Following three weeks of recovery, Willis was sent back to his company, but a short time later an order came down for his captain to choose two Purple Heart recipients to be sent to a military police unit. Willis was chosen.
Willis was in that role through the end of the war in the European theater in May 1945, and across Europe after the war until February 1946.
Among his assignments was at a hospital where German soldiers were being treated.
He accompanied a German soldier to local farms to get milk, eggs, and butter and protected the English nuns who worked there from the German military patients they served.
Because the Germans had no gasoline, the soldier he accompanied drove an ambulance converted to steam power and fired by charcoal, he said.
Another assignment had him taking German civilians who were Nazi collaborators to a prison near Salzburg, Austria. Those trips involved going past the road that led to the infamous Eagles Nest used by the Nazis and Hitler in southeastern Germany.
Protecting Holocaust Survivors
Willis and a buddy also for a time were charged with protecting Jewish women who survived the Buchenwald concentration camp.
He said one of the women shared how her husband and little son had been sent on one train, and she was put on another.
Initially, the women were being kept as potential witnesses for Nazi war crimes but then were released after there was a decision that they would not be needed.
“They treated me like their little brother,” he said. “They were all older than me.”
His major regret is not getting their names so he possibly could have found them later in life to see what happened after his assignment.
After completing his service, Willis was sent home in February 1946. His father was still in charge of an air base in California and had a short period left in his service.
They enjoyed a reunion, and the family rented a house on Balboa Island for time before returning to Laramie.
Willis said his mother always wanted a doctor in the family, so he pursued pre-medicine studies at the University of Wyoming as well as taking ROTC training. He also met Kaye.
After graduation, he was called back to the Army as an officer and trainer in Kansas for troops in the Korean War.
He married Kaye in 1953, and in 1954, he decided to go to dental school at the University of Oregon. The couple had their first child two weeks after arriving at the school.

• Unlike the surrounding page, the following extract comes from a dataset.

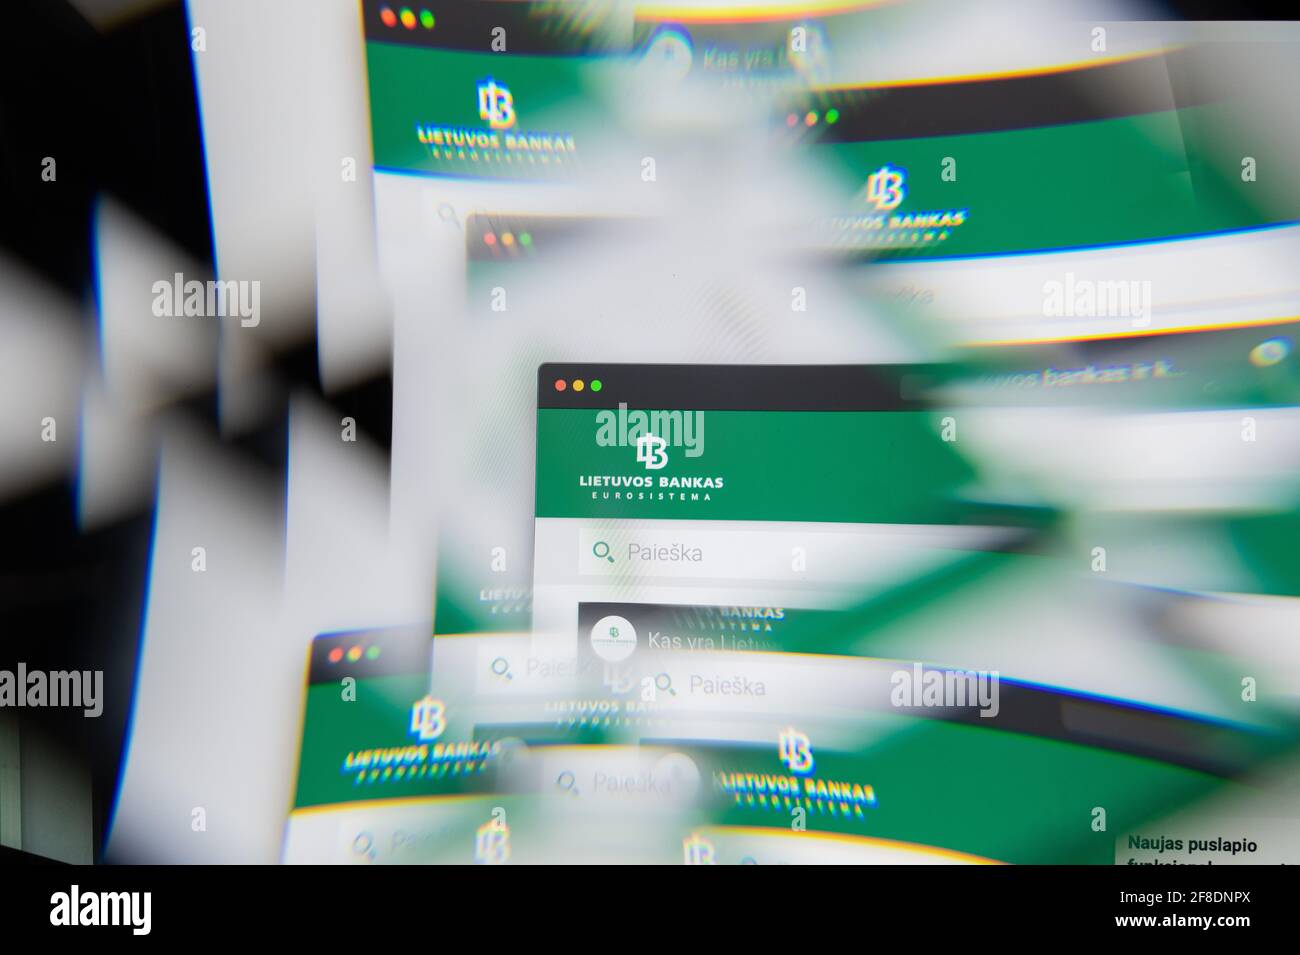 Milano, Italia - 10 APRILE 2021: Logo Lietuvos Bankas sullo schermo del laptop visto attraverso un prisma ottico. Immagine editoriale illustrativa di Lietuvos Bankas Foto Stock

After earning his dental degree, and with a second child added to the family, the couple returned to Laramie in 1958.
Willis said his wife earned a law degree and had a successful practice in town, while he initially worked with a dentist before launching his own practice where he served the community for four decades.
Now a century and a year old, Willis looks back and sees “a good life.”
With Kaye, he raised their five children and is happy for their accomplishments — all college graduates “with wonderful families.”
One current sadness is that his wife of 72 years is in a care facility, and he can’t take care of her.
As a member of the “Greatest Generation,” Willis said he learned a lot from his military service and noted that the demands and required sacrifices fell on everyone who lived through those times.
“We just learned to answer a call,” he said. “And take instruction.”